All five defendants were charged with visa fraud.

Senior department officials insist that dropping the cases is not a reflection of a lack of evidence.

“This is not the same as saying that we were wrong to charge the case a year ago or that the proof was insufficient,” said one senior official, speaking on the condition of anonymity under ground rules set by the department. “In fact, I think the cases have done a lot to advance our deterrent objectives.”

The official pointed to an exodus of more than 1,000 researchers, who department officials said had apparently hidden their ties to the Chinese People’s Liberation Army and fled the United States after the arrests last summer.

The cases were part of a high-profile initiative that the Justice Department says reflects a strategic priority of countering Chinese national security threats, particularly in the realm of economic espionage.

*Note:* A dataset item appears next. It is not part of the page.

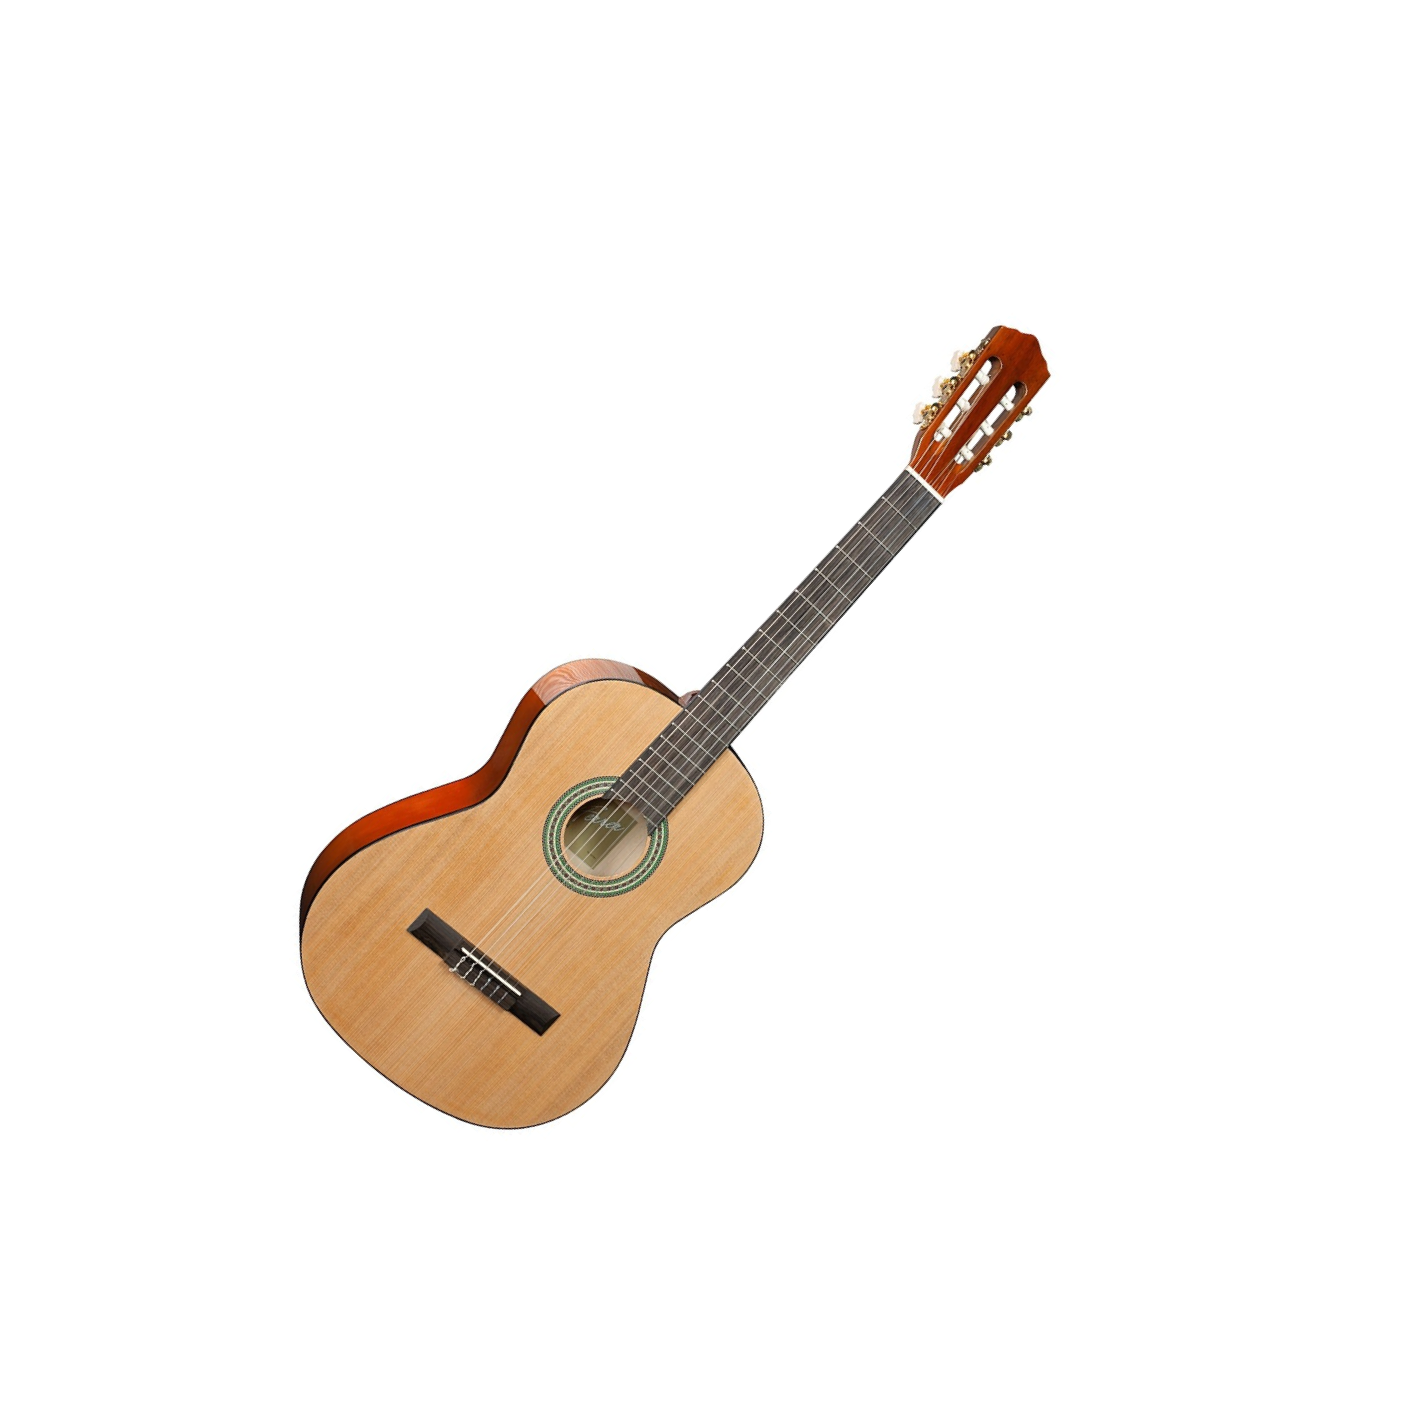 Jose Ferrer Estudiante 4/4 Classical Guitar 5209A

The arrests last year were part of an enforcement strategy that extends to what the department calls “non-traditional collectors’‘ — or university and lab researchers who officials say are “coopted” into stealing American technology for China.

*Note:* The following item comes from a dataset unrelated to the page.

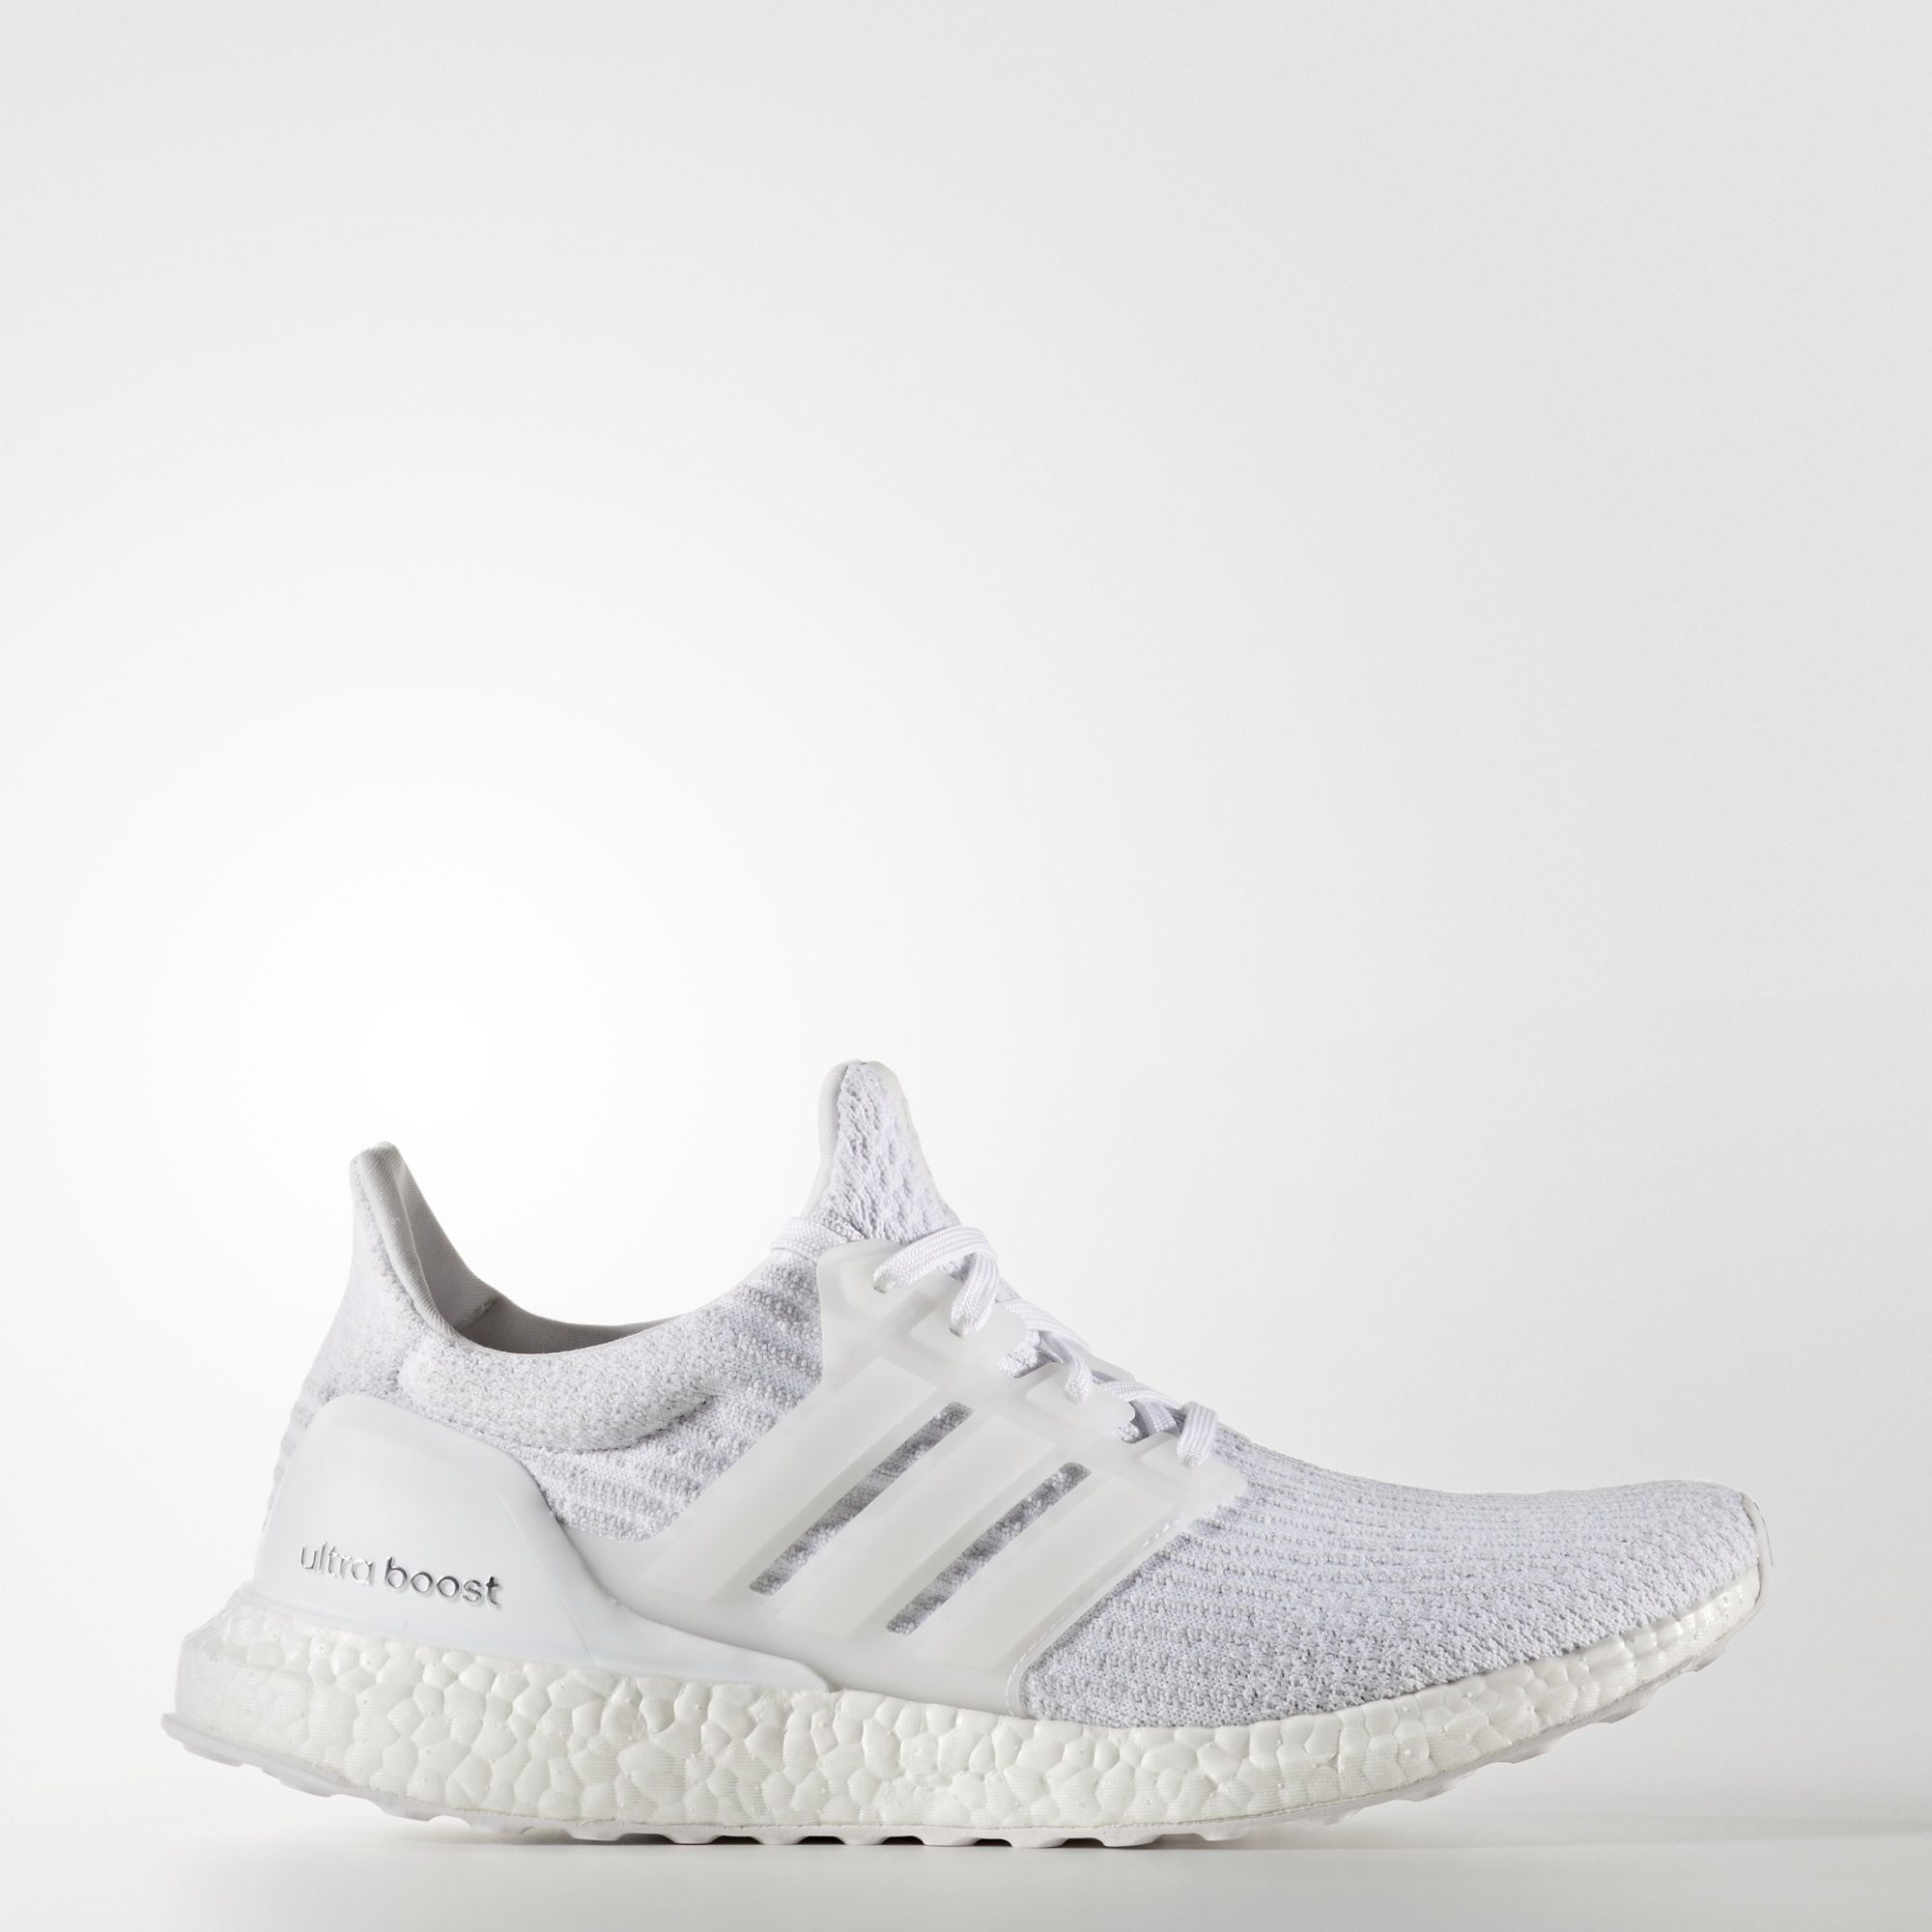 adidas ultra boost blanc allow project.eu

They came shortly after the State Department ordered the Chinese Consulate in Houston to be shut down, accusing it of being a hub for illegal spying and influence operations in the United States. The closure escalated tensions already heightened by U.S. displeasure with a strict new Chinese security law for Hong Kong and U.S. criticism of Beijing’s handling of the coronavirus pandemic.

Malcolm Segal, a lawyer who represented Tang, said he was pleased with the dismissal. He said Tang is returning to China to be reunited with her husband, mother and child.

“In all of our prosecutions, the Department of Justice evaluates the merits of a case as it prepares for trial,” spokesman Wyn Hornbuckle said in a statement. “Recent developments in a handful of cases involving defendants with alleged, undisclosed ties [to the PLA] have prompted the department to re-evaluate these prosecutions, and we have determined that it is now in the interest of justice to dismiss them.”

Prosecutors alleged that Tang, a researcher at the University of California at Davis, lied on her visa application, saying she had never served in the Chinese military, when in fact she was a uniformed PLA officer.

Tang, who initially sought refuge at the Chinese Consulate in San Francisco, was detained for about 50 days before being released on bail. Two other defendants were detained for about a year, and a fourth for about nine months, officials said.

The senior official said that the punishment for visa fraud typically does not exceed a year. That fact, combined with the prospect of prolonged litigation in several instances, led officials to assess that the interests of justice were best served by dropping the cases, the official said.

“At some point you ask what’s the right thing to do?” the official said. “And after a year given that we’ve achieved our objectives, rather than seek an adjournment of the trial, this was the right thing to do. And once you reach that judgment, in one case, it was logical to extend it to the other cases.”

The other cases involve defendants Guan Lei in the Central District of California, Xin Wang and Chen Song in the Northern District of California, and Kaikai Zhao in the Southern District of Indiana.